1993年，Hsu定义了Fibonacci立方体 ${\Gamma }_n$ [1] 作为新的内联网拓扑结构模型，斐波那契立方体可以作为一个等距离子图嵌入到布尔立方体(超立方体)中，它还包含一些其他特殊结构，如Lucas立方体作为它的子图，因此斐波那契立方体可以在容错计算中得到应用。Fibonacci立方体及其相关立方体的很多性质被大量的学者研究 [2] - [8] 。特殊地，Fibonacci立方体和Lucas立方体度序列多项式 [9] 也得到了研究。Zhang等 [10] [11] 在平面基本二部图的完美匹配集合上建立了一个有限分配格——匹配型分配格的概念。斐波那契立方体是平面六a角系统fibonaccenes的共振图，所以以有向斐波那契立方体作为Hasse图的分配格是匹配型分配格。Wang等 [12] 研究了有限分配格的凸扩张，给出Fibonacci立方体的一种更简单的画法。继而Wang等 [13] 提出了匹配型Lucas立方体的结构并且用一种统一的方式得到其度序列多项式。周玉玉等 [14] 提出了一类新的斐波那契相似立方体——匹配型分配格并研究了该类立方体的一些特殊性质。本文对周玉玉等 [14] 提出的斐波那契相似立方体给出了一个定向，并讨论了其与出度、入度相关的多项式，如度序列多项式、出度多项式及出入度多项式。

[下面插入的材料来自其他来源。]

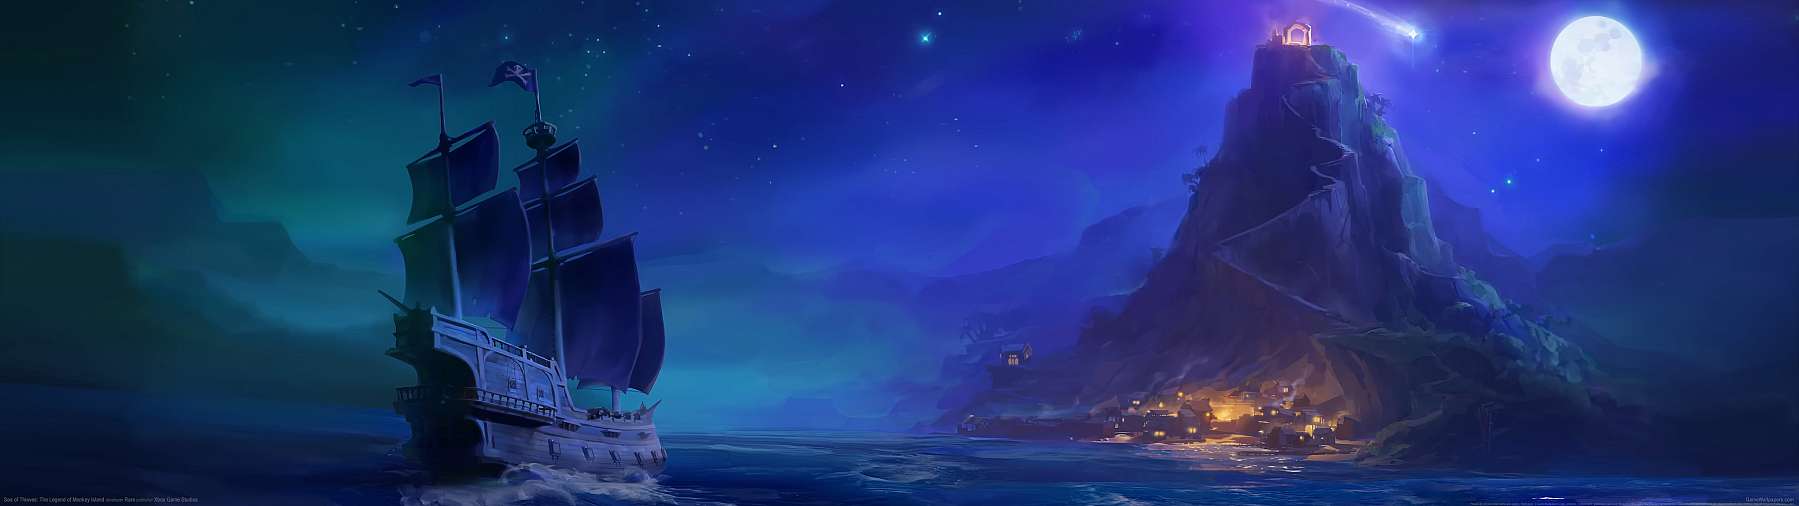 Sea of Thieves: The Legend of Monkey Island superwide wallpaper or background 01

如果一个集合P有二元序关系 $\le$满足自反性、反对称性和传递性，那称P为偏序集。如果 $x<y$且 $x\le z<y$必有 $x=z$，则称偏序集P中y覆盖x。偏序关系与其覆盖关系相互唯一确定，偏序集的覆盖关系可以表示为以P中元素为顶点的有向图(通常画为Hasse图)：当且仅当y覆盖x时， $\left(y,x\right)$是一条弧。设Q是偏序集P的一个子集，若 $y\in Q$且 $y\le z$，则 $z\in Q$，则称Q为P的一个滤子， $ℱ\left(P\right)$表示一个偏序集P的所有滤子。P的所有滤子 $ℱ\left(P\right)$按照反包含关系( $Y^{\prime }\le Y$当且仅当 $Y^{\prime }\supseteq Y$)构成的偏序集是个分配格，称为滤子格，而且 $ℱ\left(P\right):=\left(ℱ\left(P\right),\supseteq \right)$是一个有限分配格。在有限分配格 $ℱ\left(P\right)$中， $\hat{1}$(或 $\hat{0}$)表示最大(或最小)元，从 $\hat{1}$到 $\hat{0}$按元素覆盖关系给分配格 $ℱ\left(P\right)$一个定向，这样最大元 $\hat{1}$只有出度，最大元 $\hat{1}$和最小元 $\hat{0}$之间的其他元素首先有入度然后有出度，而最小元 $\hat{0}$只有入度，这样的定向也是Z-变换图顶点间的定向，就可以定义并研究分配格的出度多项式及其出入度多项式。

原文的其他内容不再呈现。